> [Activity] Begin with the line that holds "1,44 mln EUR" and retype through the last line of the listing below, exactly; pictures are not part of the copy.

> [Exercise data]
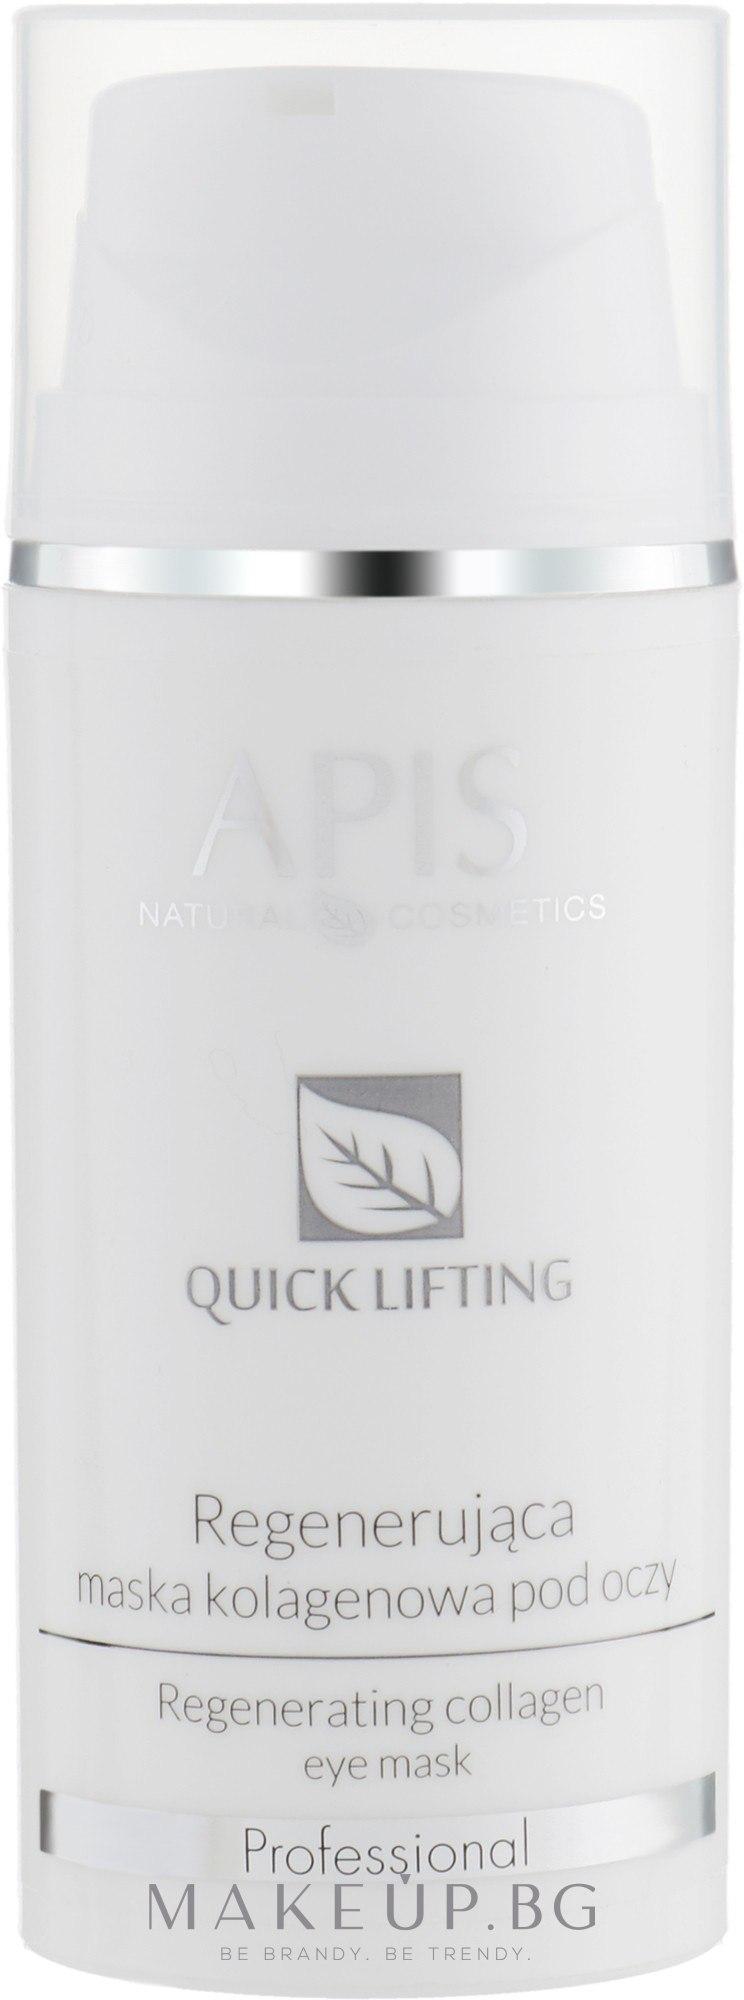 Регенерираща колагенова маска за околоочния контур - APIS Professional Quick Lifting Regenerating Collagen Eye Mask — снимка 100 ml
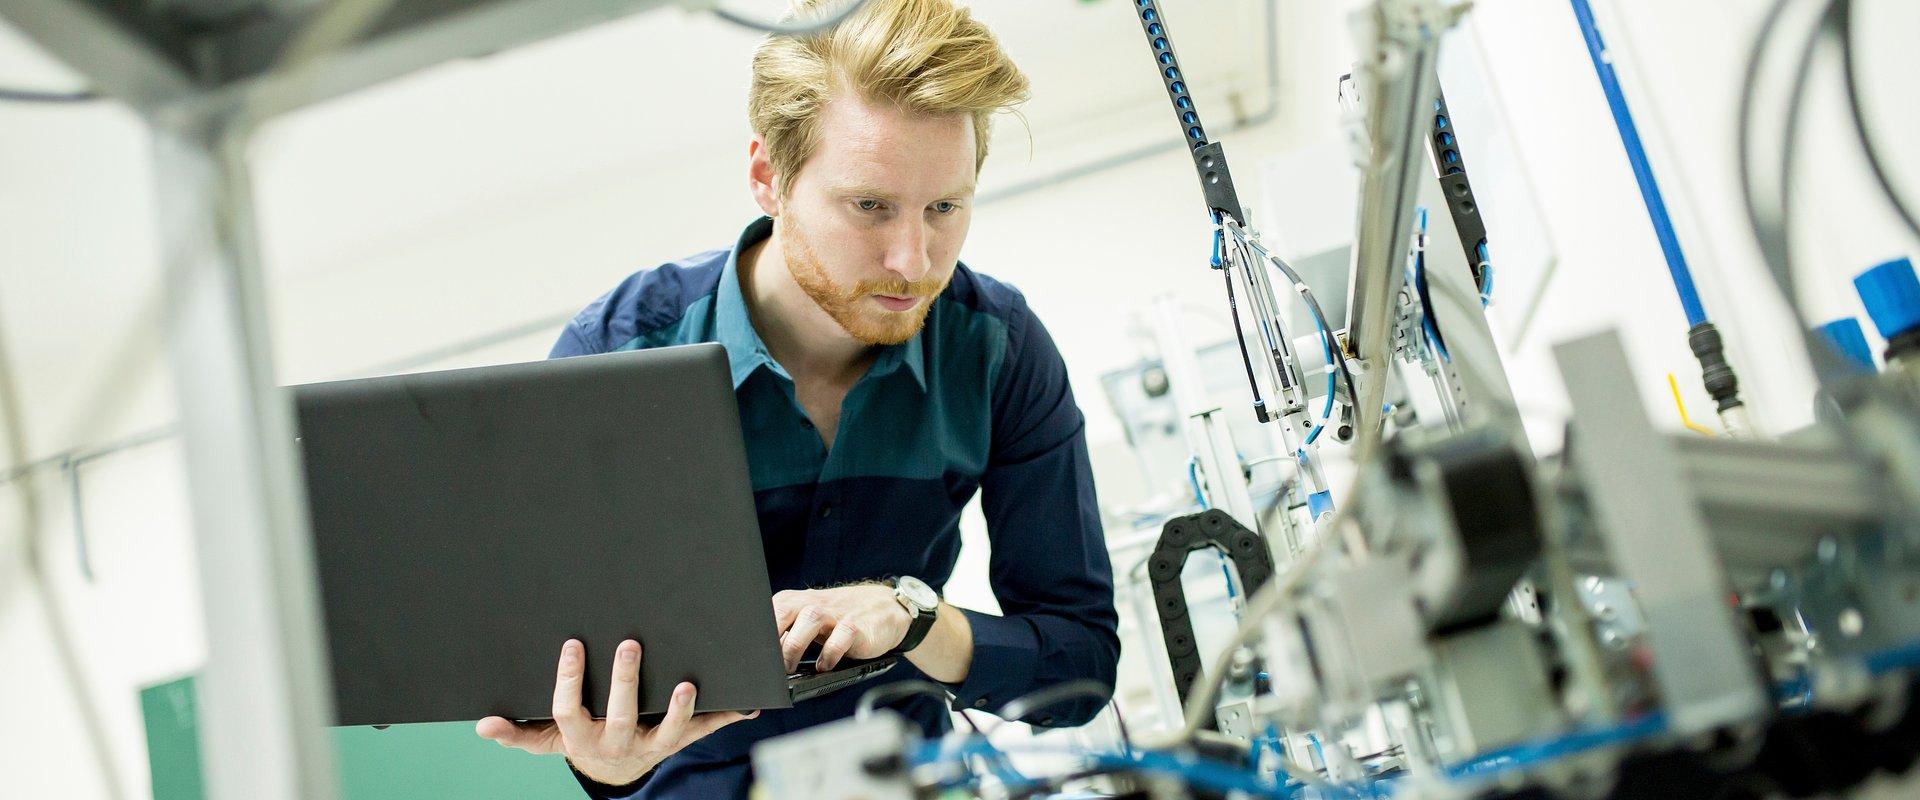 1,44 mln EUR na rozwój rozwiązań cyfrowych. Wsparcie trafi do 24 firm, w tym czterech z Małopolski
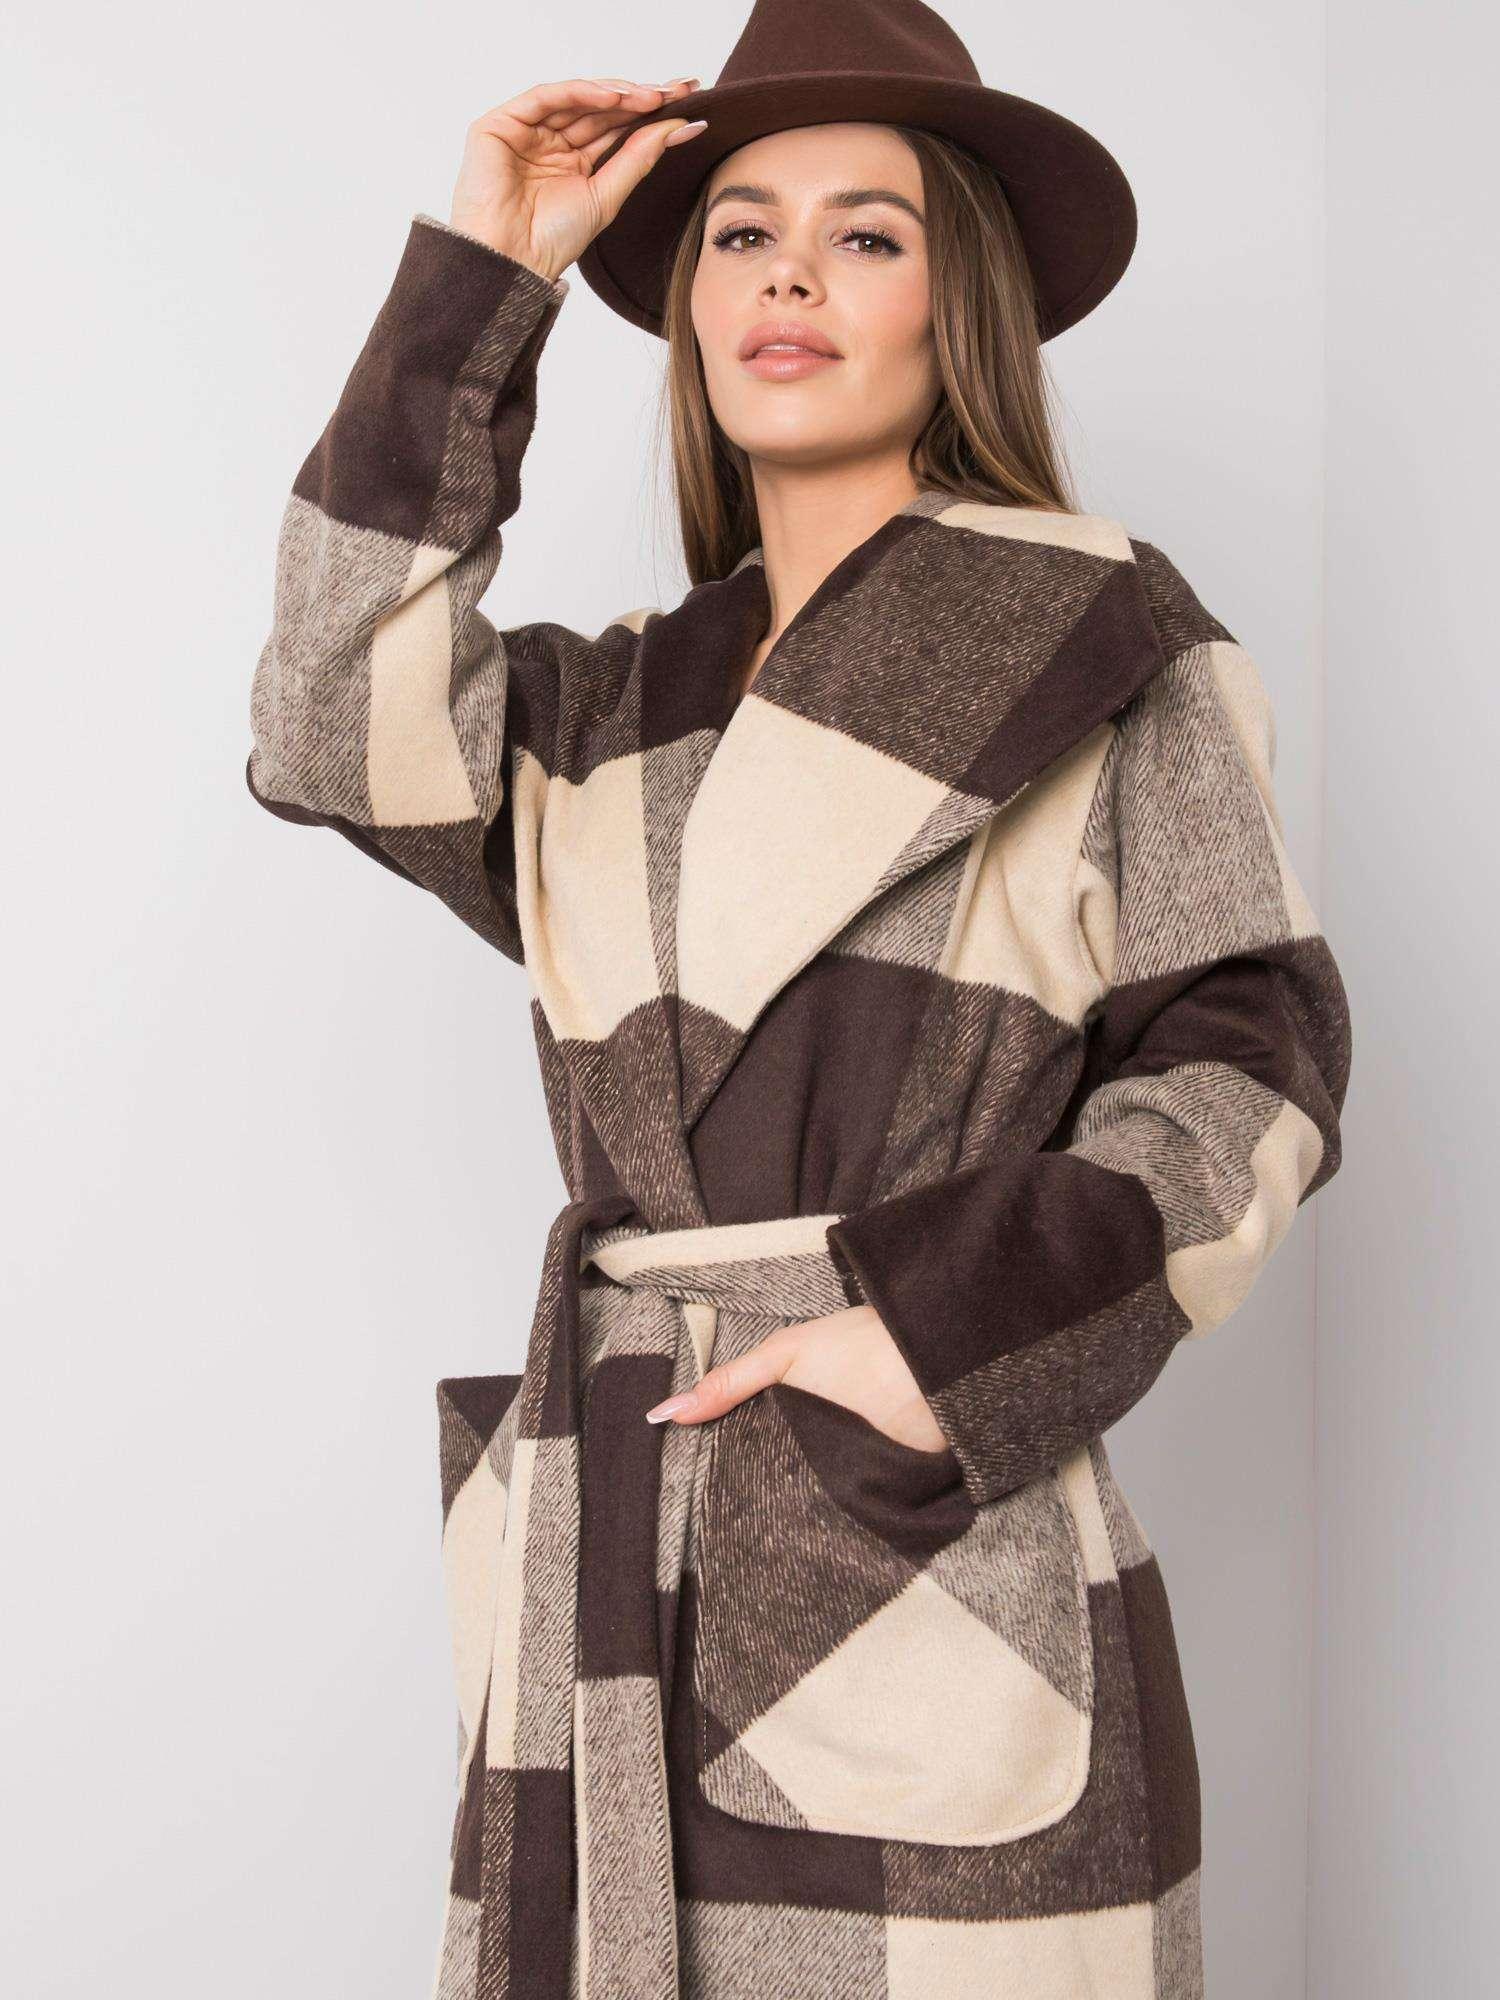 Béžový a hnědý kostkovaný plášť
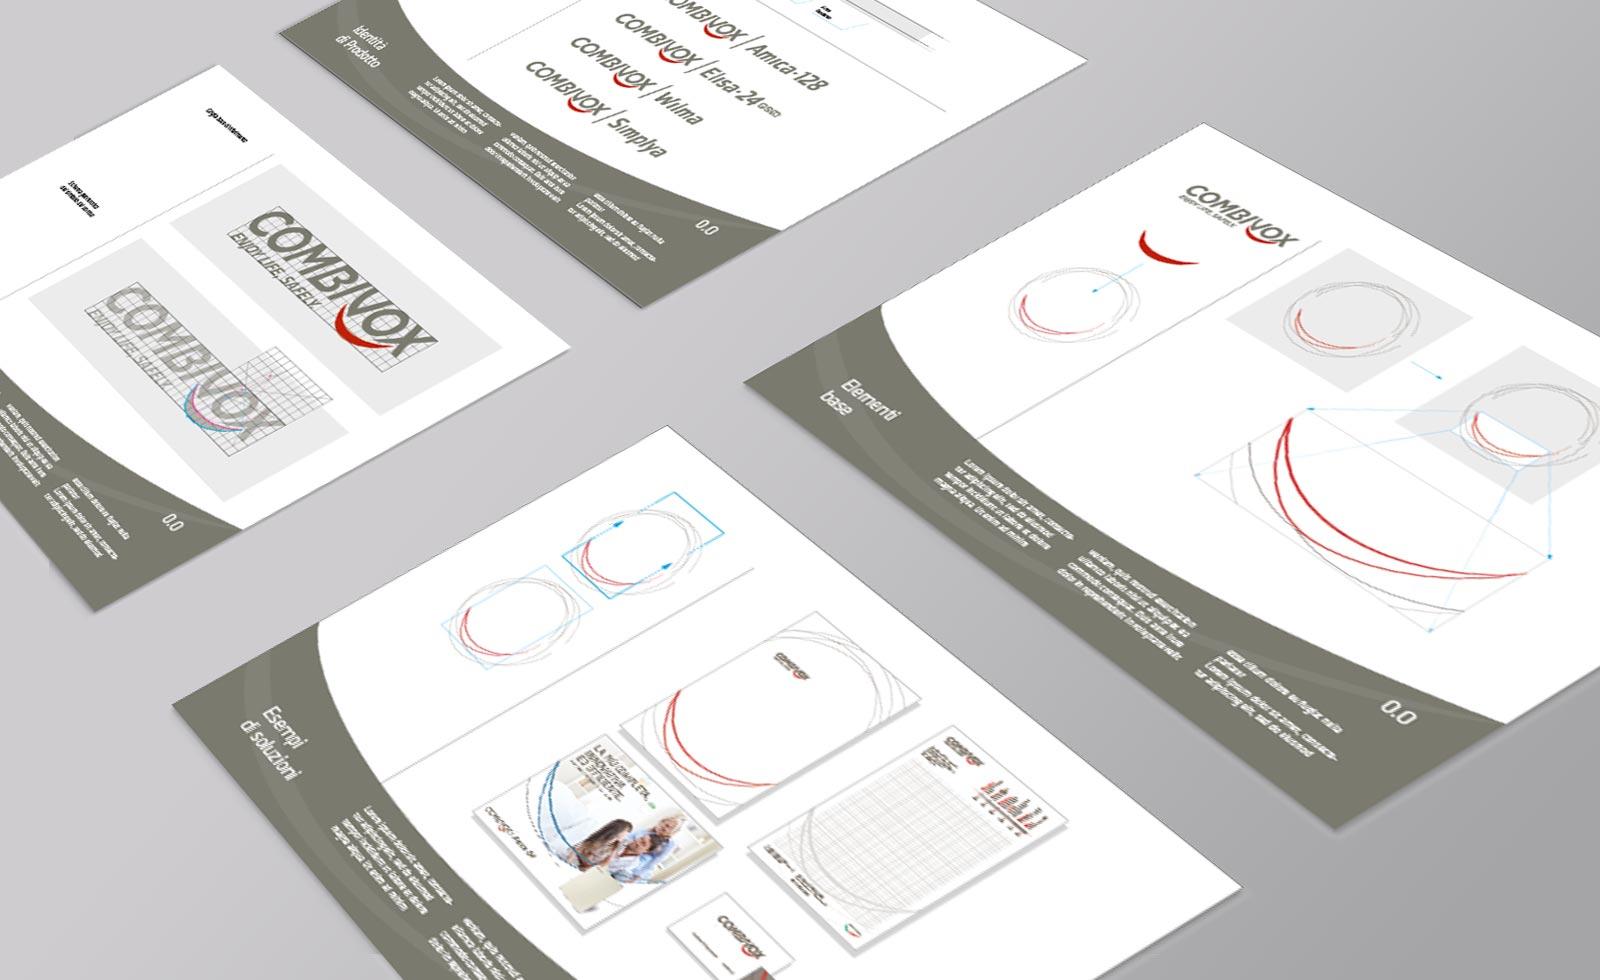 combivox brand brandbook guidelines

> [Solution for this problem]
 1,44 mln EUR na rozwój rozwiązań cyfrowych. Wsparcie trafi do 24 firm, w tym czterech z Małopolski
 Béžový a hnědý kostkovaný plášť
 combivox brand brandbook guidelines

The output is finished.